Не искушённый в финансовых тонкостях российский обыватель на время ослеп от блеска потенциального богатства и не видел (а может быть, не хотел видеть), как вчерашние скромные советские люди заходили в туалеты, сплёвывали совесть, смывали и чинно шествовали к сияющим вершинам легализованного бизнеса… по позвонкам своих соотечественников.
Сердце Елены Сергеевны, доцента кафедры литературы, дрогнуло: a нe купить ли и ей акции вновь испечённой финансовой компании? Смятение в душе, конечно, было: она знала о заводах-гигантах, лежащих мёртвыми тушами на берегу дикого рынка, и фантастические проценты смущали. С чего бы эти триста появились, а? Загадка.
Смущала и личность президента компании. Положительный, как гоголевская дама, «приятная во всех отношениях». Не пьёт, не курит, в недавнем прошлом – партийный работник и, наконец, профессор! Но отвисшая нижняя губа, которая, по обыкновению, встречается на лицах порочных людей… Но чистые, прозрачные глаза, какие бывают только у детей… и убийц!..
Вспомнилась и старая скандальная история: профессор (а в тe давние годы – аспирант) решительно отказался от отцовства на том основании, что жил с бывшей женой всего лишь неделю…
«А чем чёрт не шутит! Не судите да не судимы будете», – подумала добрейшая Елена Сергеевна – и решилась.
Скромные дореформенные три тысячи рублей, скопленные строжайшей экономией, она отдала за двадцать красно-синих бумажек. Старость уже постучалась в дом, и очень уж хотелось приварка к скудной пенсии.
Через год компания лопнула как мыльный пузырь, а отец-основатель со товарищи исчезли за Атлантикой. Елена Сергеевна рвала волосы на голове. Потом надолго слегла с инфарктом.
Но всё проходит: ненастье сменяет вёдро, за страданиями спешит радость. Через пять лет сын Елены Сергеевны спасает семейный корабль, отправляя мать лечиться на курорт в Германию.
Однажды поутру она, по обыкновению, пошла испить воды из знаменитого источника. Не успела налить драгоценной влаги, как кто-то рядом тоже протянул руку. Оглянулась – и в ужасе отпрянула: перед ней, лицом к лицу, в обществе пышногрудой фрейлейн стоял… президент!
Ей хотелось закричать, позвать на помощь, бросить ему в лицо: «Негодяй! Подлец!» Но ни того, ни другого Елена Сергеевна не сделала.

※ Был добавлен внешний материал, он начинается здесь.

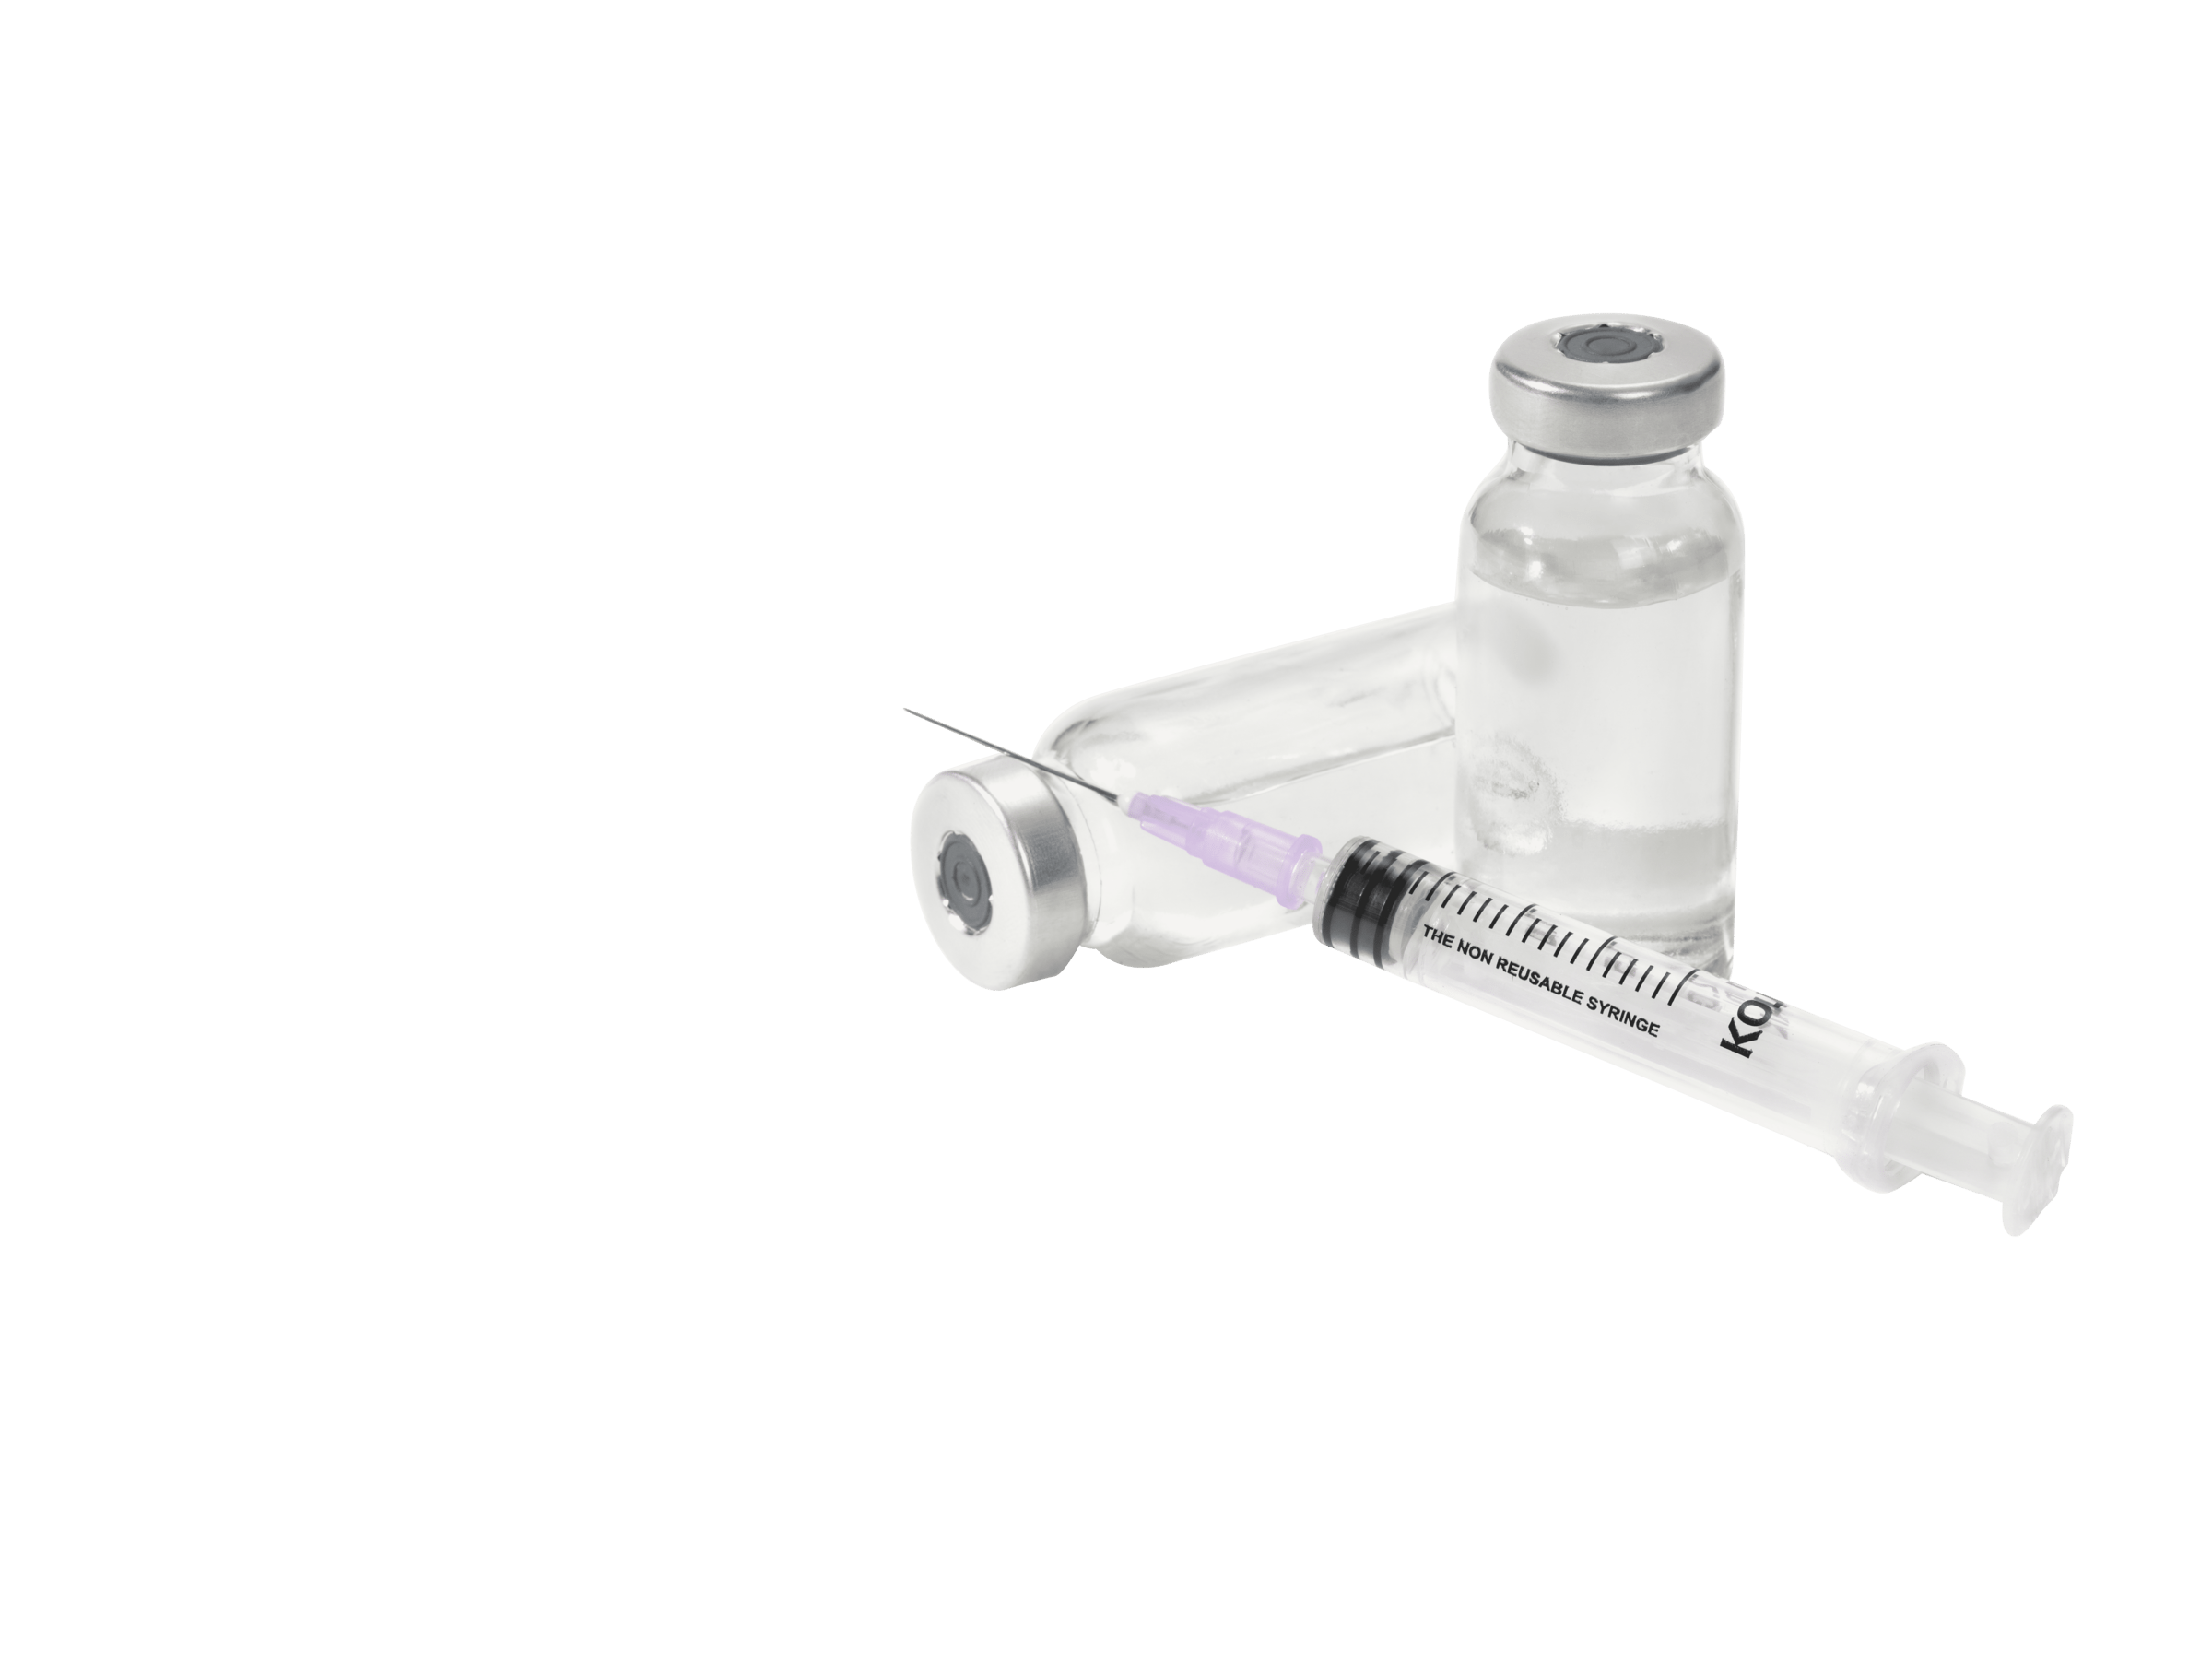 Safe and Sterile Kojak Selinge Auto-Disable Syringes for Medical image pic

Опешивший от неожиданной встречи соотечественник опустил глаза, снова против воли поднял их и был ослеплён испепеляющим взглядом маленькой, ссохшейся от старости женщины. Неизбывную боль, ненависть, презрение и брезгливость источал этот взгляд, ледяным холодом ударивший в сердце баловня удачи.
Безмолвная казнь длилась минуту. Потом женщина отвернулась и, сгорбившись, заковыляла прочь. Онемевшей рукой «президент» попытался расстегнуть ворот сорочки – и не смог. Фрейлейн только охнула, когда он, покачнувшись, мёртвой хваткой сжал её запястье.

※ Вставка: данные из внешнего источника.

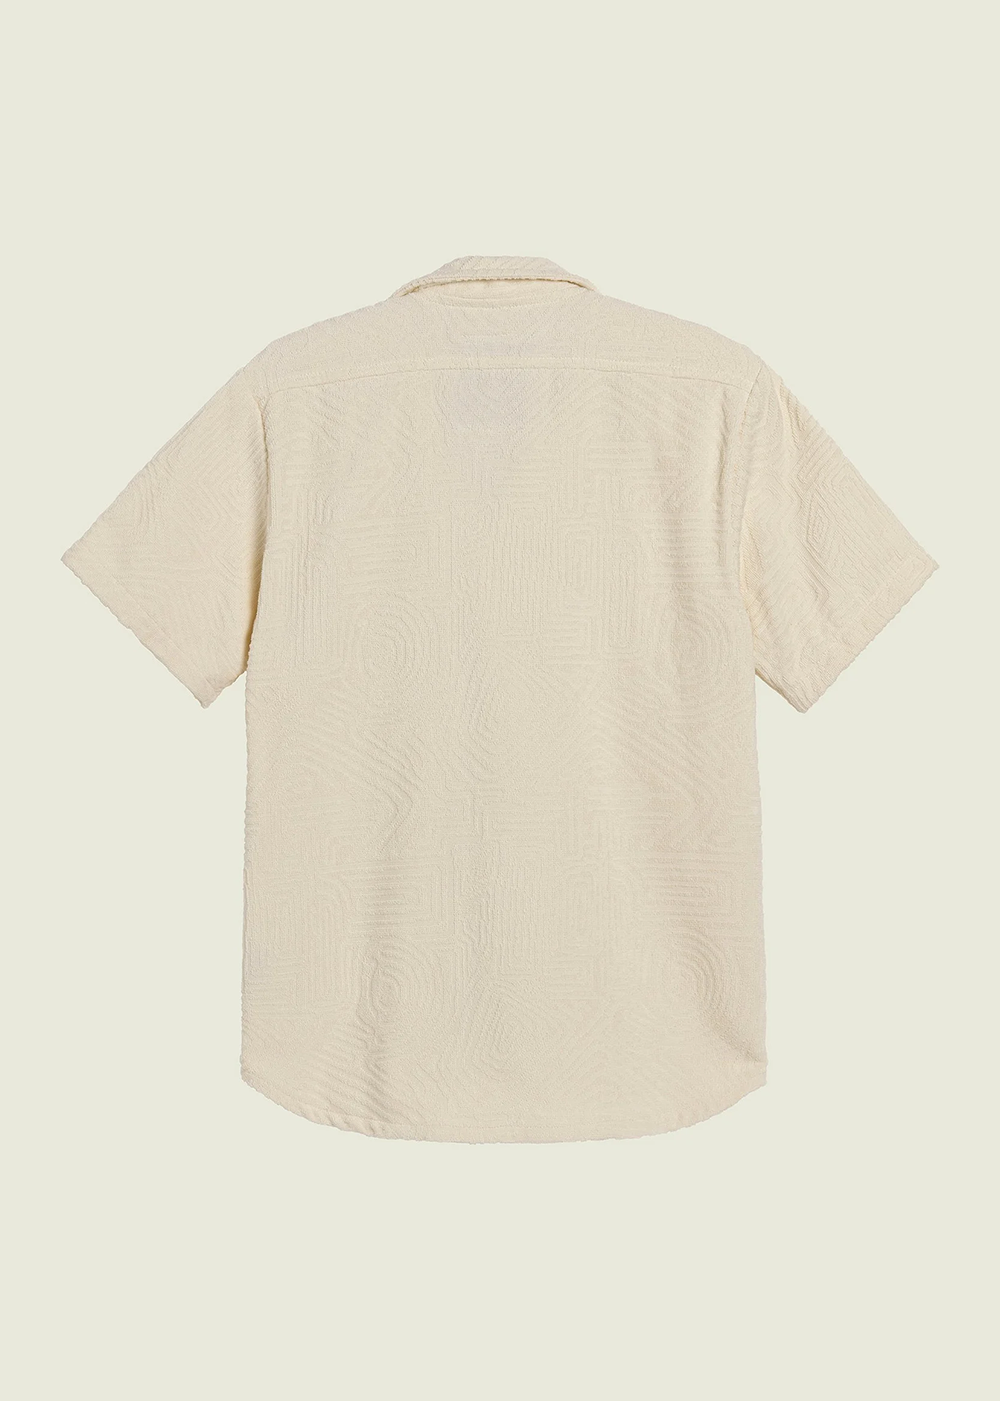 Golconda Cuba Terry Shirt - OAS Company - Danali - 7003-99

…На другой день баден-баденские газеты сообщили: «В половине третьего ночи в своём номере скончался от сердечного приступа бизнесмен из Канады, выходец из России г-н Волков».
БЕЛОЕ СИЯНИЕ
В городе синий вечер. Я не иду, а тащусь по проспекту, измотанный заботами свободного художника, и шепчу как молитву гумилёвские строчки:
Ещё один ненужный день,
Великолепный и ненужный!
Приди, ласкающая тень,
И душу смутную одень
Своею ризою жемчужной.
Тень пришла у политехнического, впустив меня под свод сомкнувшихся крон цветущих яблонь. Я присел на скамейку и, наслаждаясь прохладой, любовался белым сиянием. Небо темнело, но аллея оставалась светлой. Была та редкая минута вечерней тишины, когда пережитые за день события обретают свои подлинные масштабы: мелкое исчезает, а самое большое – ощущение жизни, чувство собственного существования – остаётся.
И вдруг из ниоткуда в поле моего зрения появились два божьих одуванчика – две старушки, чьи хрупкие очертания на светлой аллее казались сколками старинного театра теней. Они не шли, а преодолевали пространство, бережно поддерживая друг друга. Ступни ног касались земли только ребром, дугой согнутые спины клонили седые головы, но они упорно продолжали размеренное, трудное движение. Чисто выстиранные, заношенные платья, бостоновые жакеты, аккуратные белые носочки и знаменитые ридикюли сороковых годов лучше слов говорили о судьбе этих стойких культурных нищенок, для которых каждый рубль пенсии на вес золота и которые давно примелькались нам в шумной пестроте бестолкового бытия.
В соседнем доме из окна зазвучал голос Аллы Пугачёвой. Постанывали деревья от весеннего пиршества. Зажигались первые огни.
Старушки на миг остановились, подняли головы к небу, где застыла в безмолвии стая яблоневых соцветий, и снова как по команде опустили их: сил хватило на две-три секунды. Но я успел увидеть на миг блеснувшие глаза, и сердце моё сладко заныло в предвкушении невозможного счастья:
Недотрога, тихоня в быту,
Ты сейчас вся огонь, вся горенье.
Дай запру я твою красоту
В тёмном тереме стихотворения…
Земля уже расступалась под больными ногами, всё ближе была последняя берёзка. Но эти глаза, эти на миг просветлевшие лица говорили о чистоте души, пронесённой через все страдания жестокого века, и обещали жизнь добрую, честную и бесконечную…
ЕВРОПЕЙЦЫ
Над столетним бором, окаймлённым пронзительной синевой, катился блестящий диск вечернего солнца, заливая алым светом вековые сосны в сиреневых снегах. Я смотрел на фантастическую картину вечной схватки дня и ночи и думал о тайнах немеркнущего бытия, в причудливое полотно которого вплетены наши судьбы. И Бог весть о чём ещё я подумал бы в эти редкие минуты покоя, если бы не помешал лёгкий треск в подлеске: по тропинке, еле передвигая ноги в чёрных пимах, придерживаясь за кусты боярышника, шла старушка.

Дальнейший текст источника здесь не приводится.